- **Input data**
··········

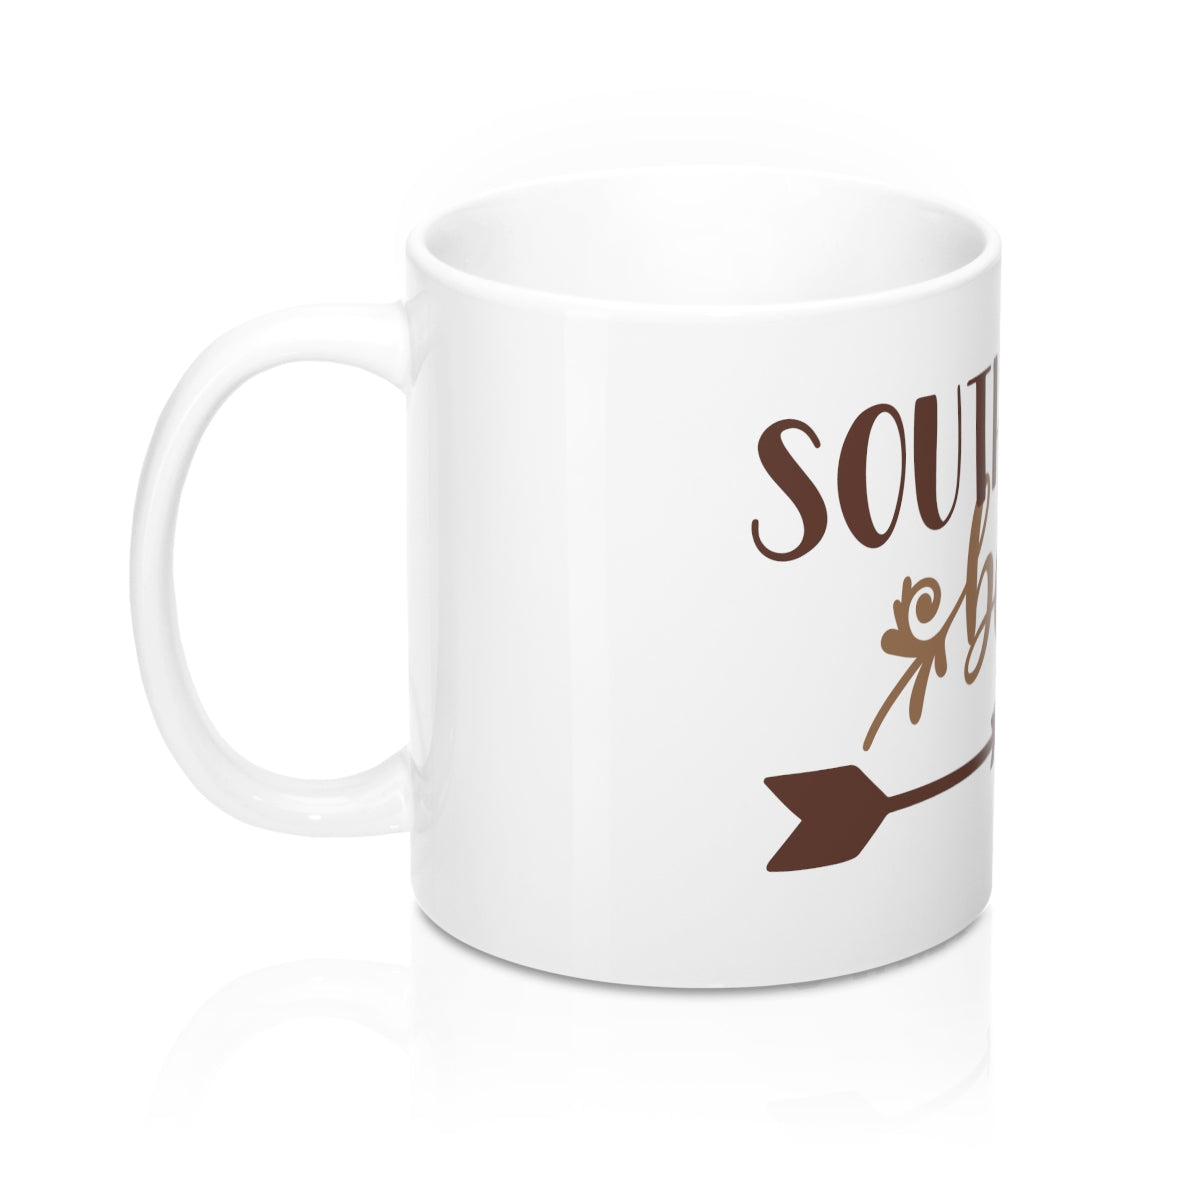 Southern Belle Swag Ceramic 11oz Mug - Inspired By Savy
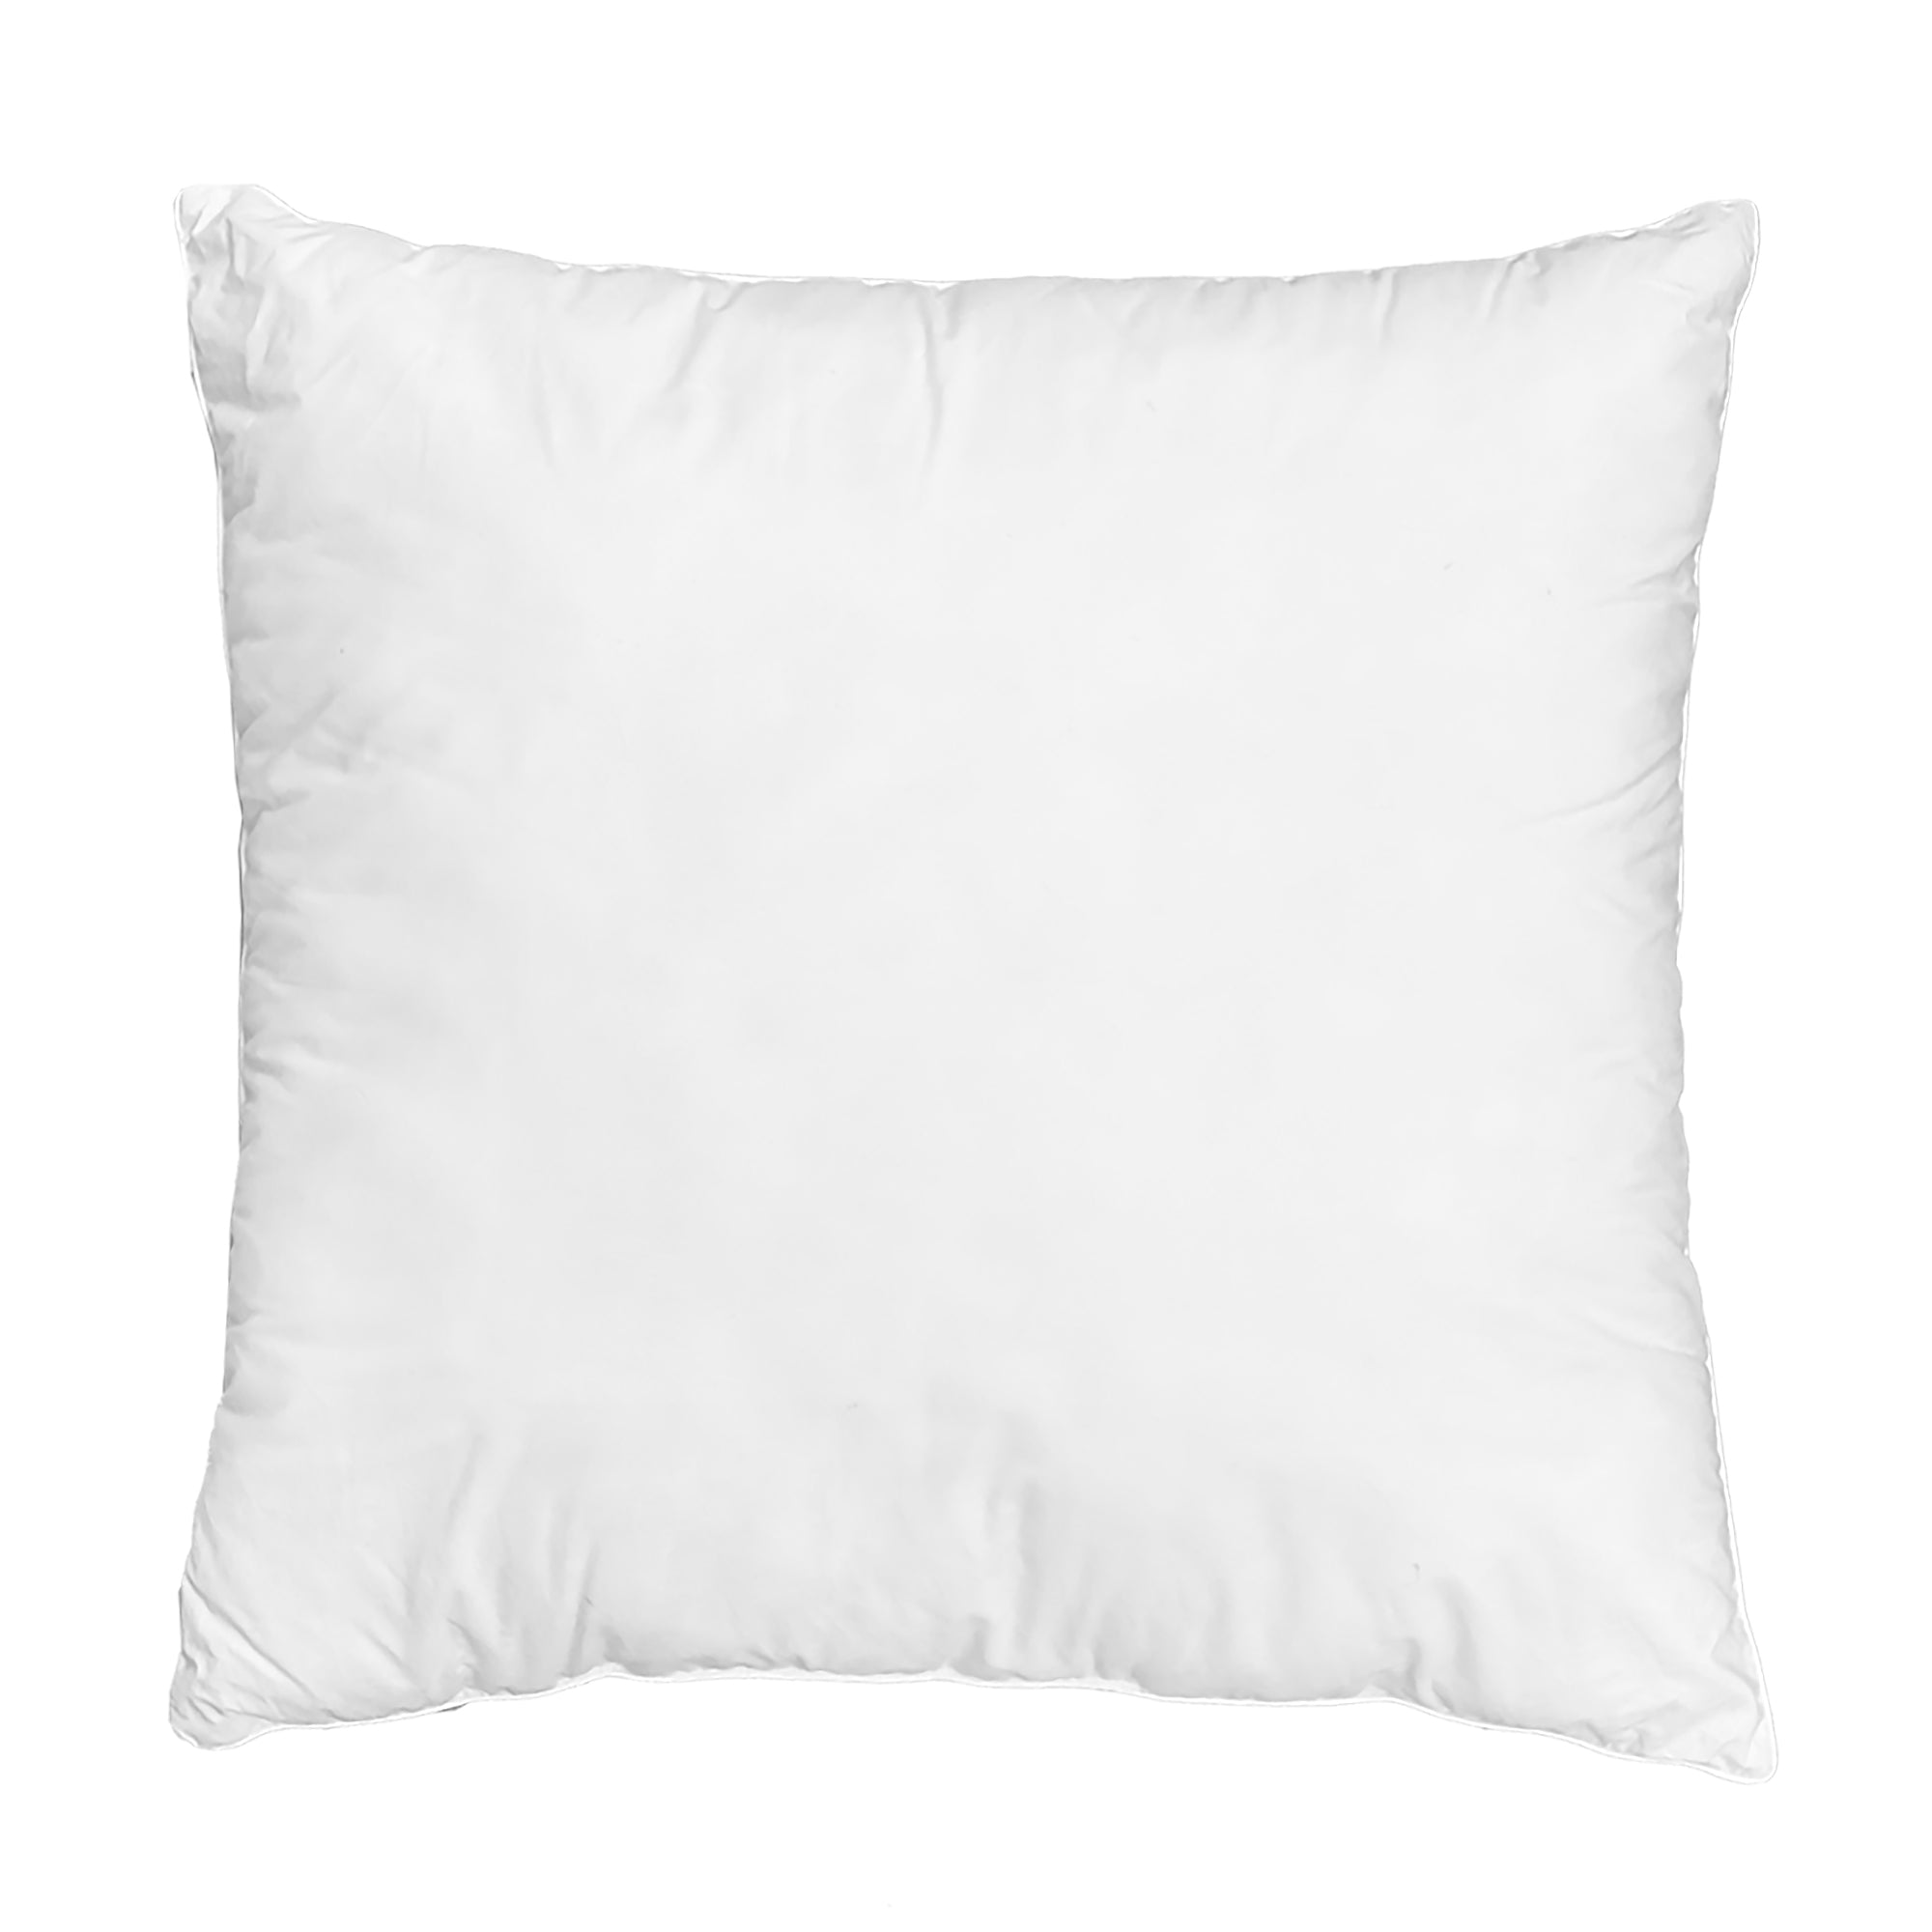 Chateau Micro-Down Pillow - Euro
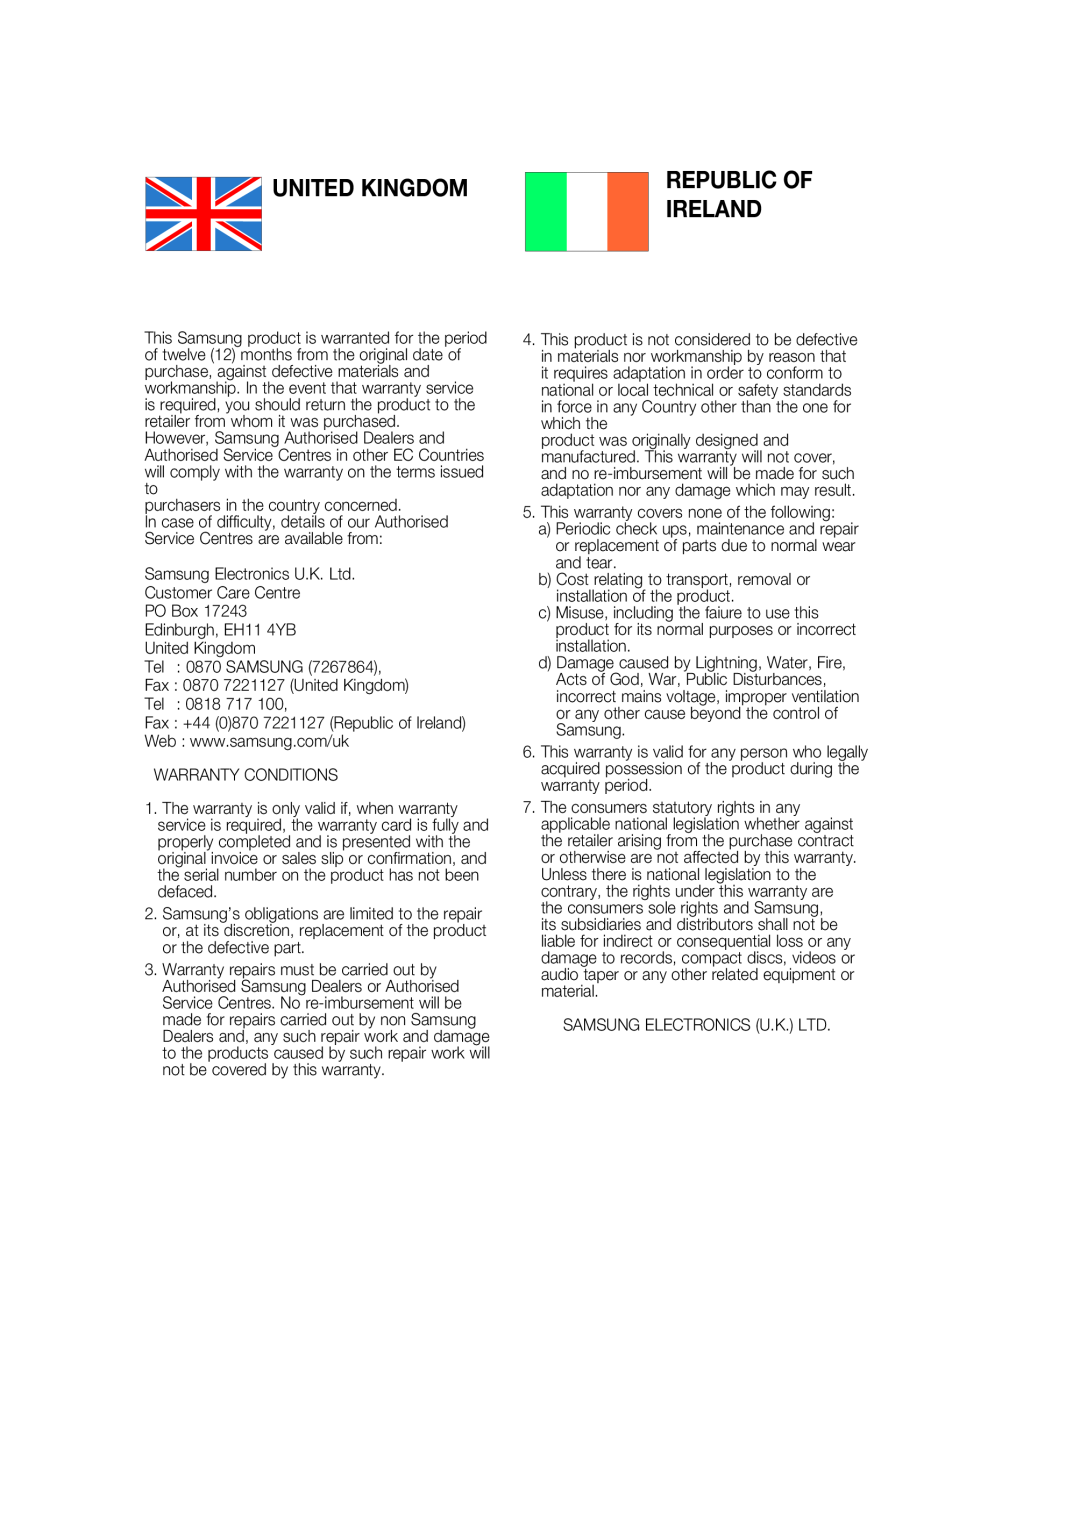 Samsung HE10T user manual United Kingdom, Ireland, Republic Of 
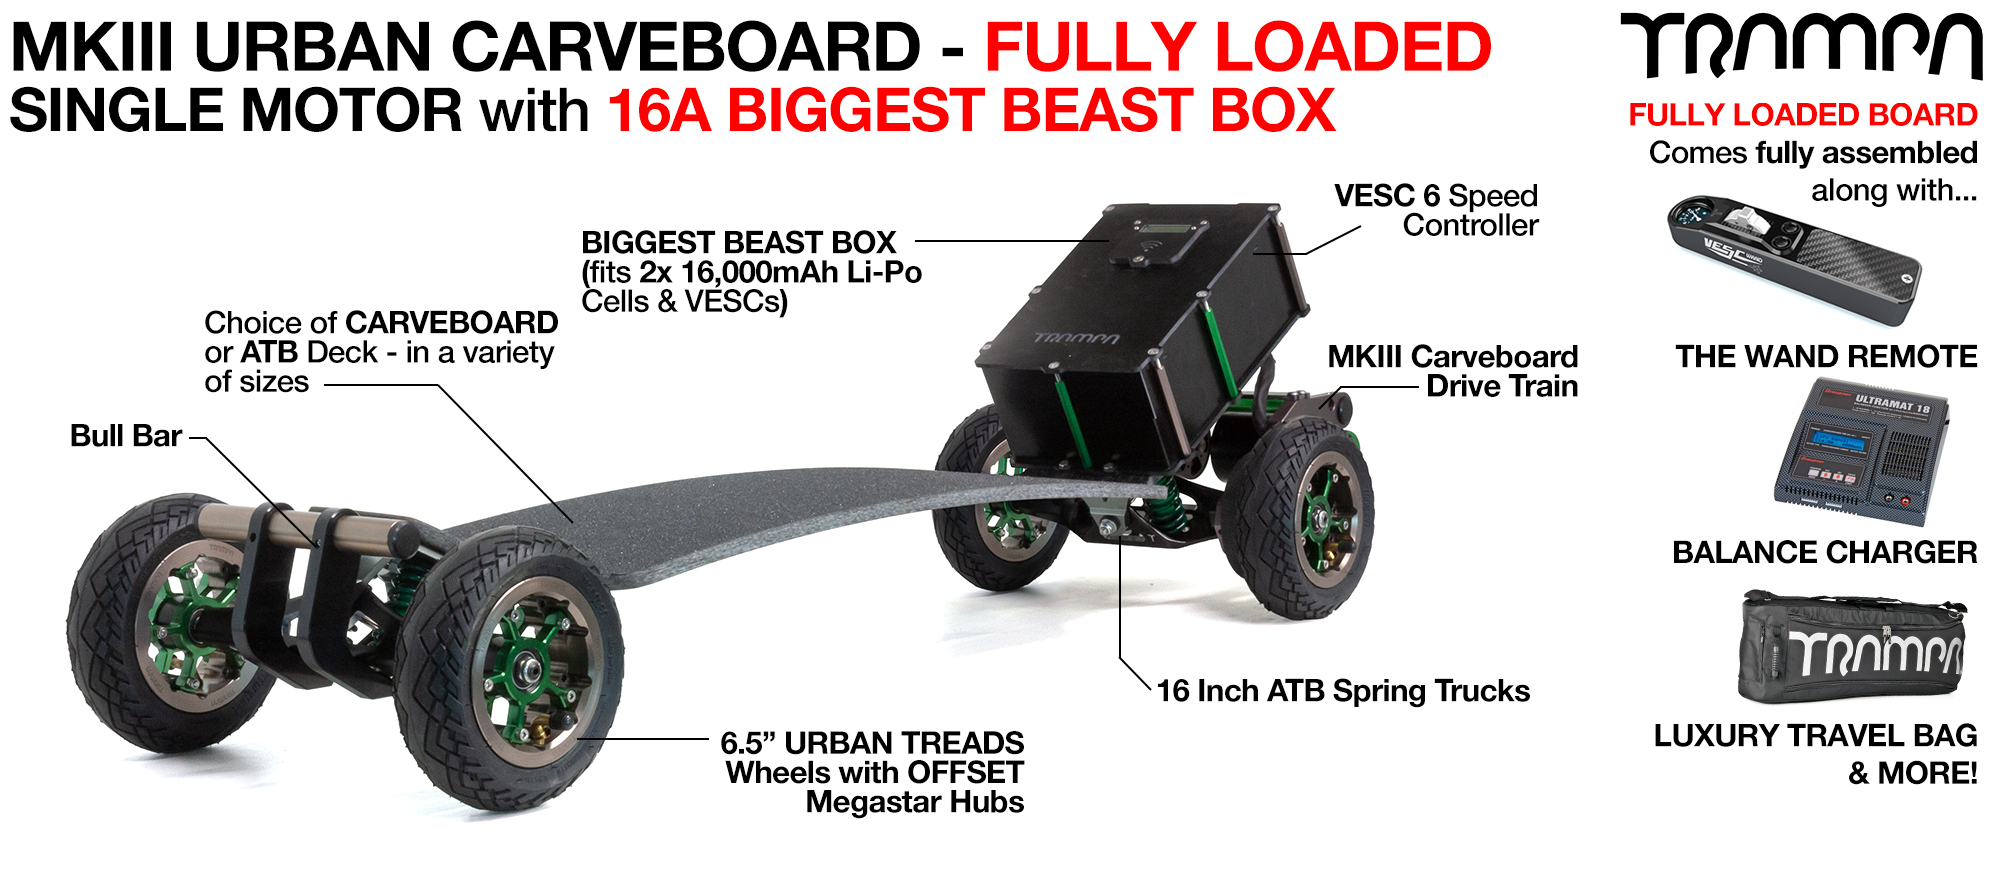 TRAMPA's MkIII Electric URBAN Carveboard - uses Mini Spring Trucks with MkIII Carve board Motor Mount's Custom TRAMPA hubs & 125mm URBAN longboard Tyres - SINGLE Motor 16A FULLY LOADED MEGASTAR

··········

- **Exercise instructions**
Could you please return each line of the material exactly, dropping the pictures?

- **Result of this task**
 Southern Belle Swag Ceramic 11oz Mug - Inspired By Savy
 Chateau Micro-Down Pillow - Euro
 Samsung HE10T user manual United Kingdom, Ireland, Republic Of 
 TRAMPA's MkIII Electric URBAN Carveboard - uses Mini Spring Trucks with MkIII Carve board Motor Mount's Custom TRAMPA hubs & 125mm URBAN longboard Tyres - SINGLE Motor 16A FULLY LOADED MEGASTAR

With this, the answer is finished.